Nottinghamshire all-rounder Samit Patel says being back in the England set-up has made him more determined than ever to play Test cricket.
The 26-year-old returned to the one-day international side earlier this year after nearly three years in exile because of concerns about his fitness.
Ever-present on the recent one-day tour of India, he is desperate to be named in the squad to face Pakistan.
"I missed it massively," said Patel. "And I want to play Test cricket."
Patel has given himself a chance of playing in the longest form of the game with his efforts in a losing side in India as England were whitewashed 5-0.
He scored 160 runs at an average of 40 in the five one-day games - including an an unbeaten 70 from 48 balls in the third match in Mohali.
Despite only taking one wicket in the first four one-dayers, he took 3-57 with his left-arm spin in the final game in Kolkata before helping England win the Twenty20 international.
He is longing to prove he can make the transition to Test cricket, although his chances of facing Pakistan in the United Arab Emirates depend on which two or three spinners England name in the squad.
Patel's Notts team-mate Graeme Swann remains an automatic choice as number one spinner - but other options include Monty Panesar, and youngsters such as Scott Borthwick.
And the Leicester-born star believes his chances of playing instead of Swann are probably unrealistic.
Patel explained: "I have to get my team-mate out of the way first.

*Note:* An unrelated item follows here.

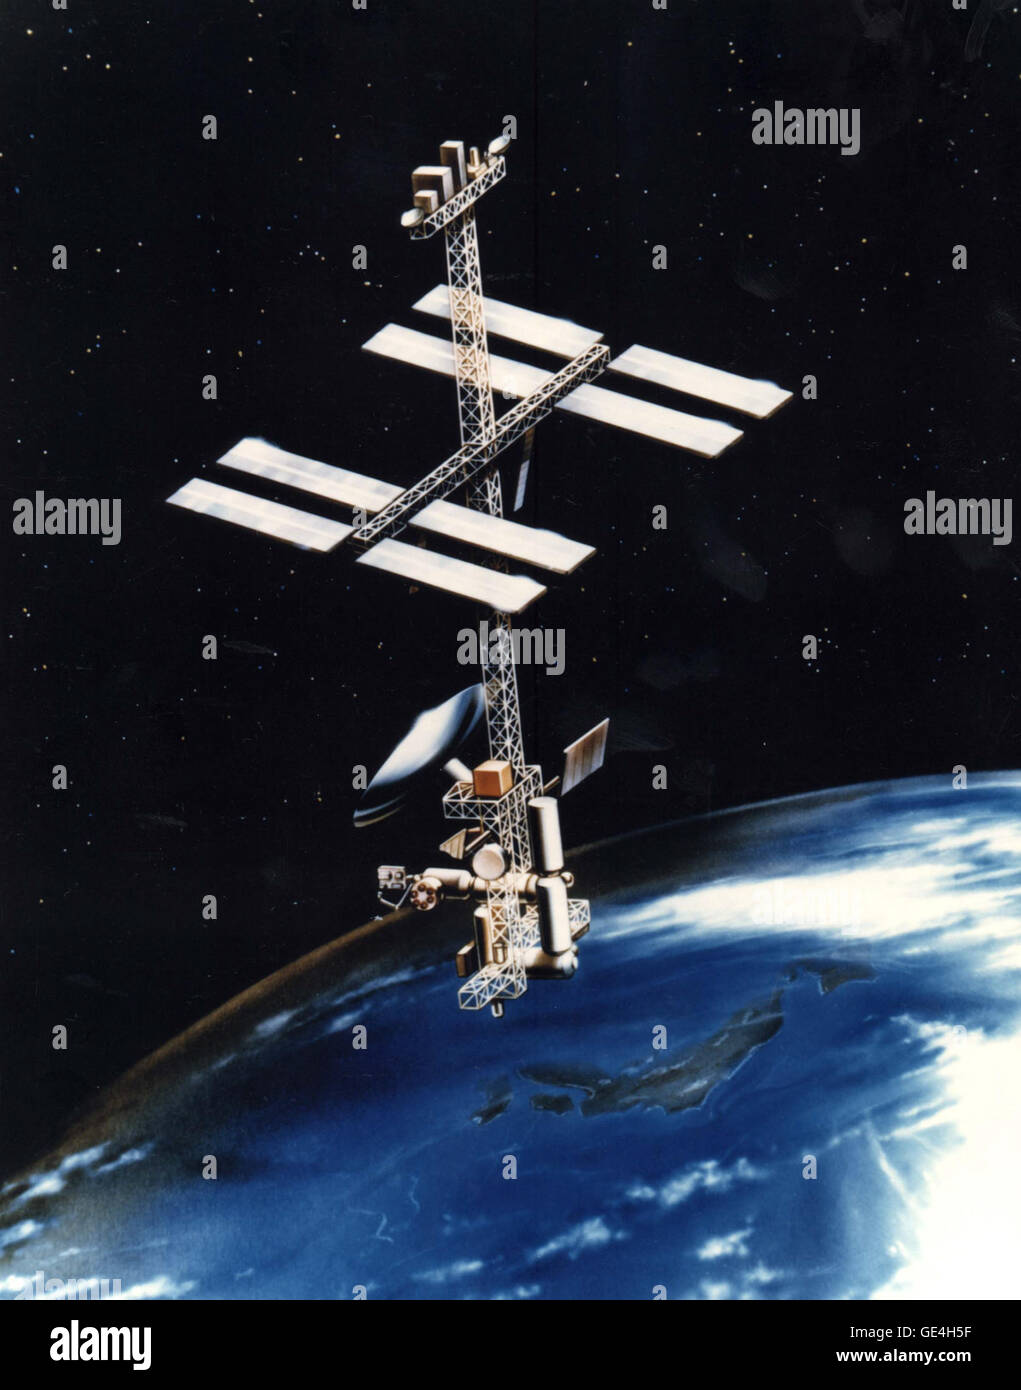 Dies ist eine künstlerische Darstellung der vorgeschlagenen "Power Tower" Raumstation Konfiguration, gezeigt mit dem japanisches Experiment-Modul befestigt. Dieses Modell und einige andere wurden untersucht, vor der Entscheidung über die Raumstation Freedom-Struktur, die später zugunsten der internationalen Raumstation ISS aufgegeben wurde. Stockfoto

I don't think I can do that so I will have to play behind him as a second spinner.
"I think me and Swanny go well together and if England need a second spinner, hopefully I can be the one to do the job.
"I missed three years of international cricket and that's probably my fault.
"I loved every minute of getting back in and wearing the Three Lions, you can't really ask any more.
"I'm very happy with the way I performed but there are no guarantees. We have to the trip to Abu Dhabi and Dubai and then the English summer, which is going to be massive as well."
Patel believes his previous time touring in the subcontinent helped him tremendously second time around.
"I learnt the first time I toured in 2008," he added.
"That was a big learning experience. Going there again you would try to adjust to conditions better, and thankfully that happened for me.
"Results wise we didn't play very well but I am sure there are a lot of players on that trip who will have learnt a lot and will come back better players.
"We would have loved to have done better. We went to win the series and we didn't do that but the commitment was never in doubt.
"We have to go back there next winter for a Test and a one-day trip and I'm sure we'll go back a better team.
"It's been a pleasing year [for me]. If I'd have won more silverware with Notts it would have been better but it's pleasing it finished like that and I've just got to keep it going.
"I have to let the cricket do the talking. The squad gets announced for the Pakistan series just after Christmas, so fingers crossed."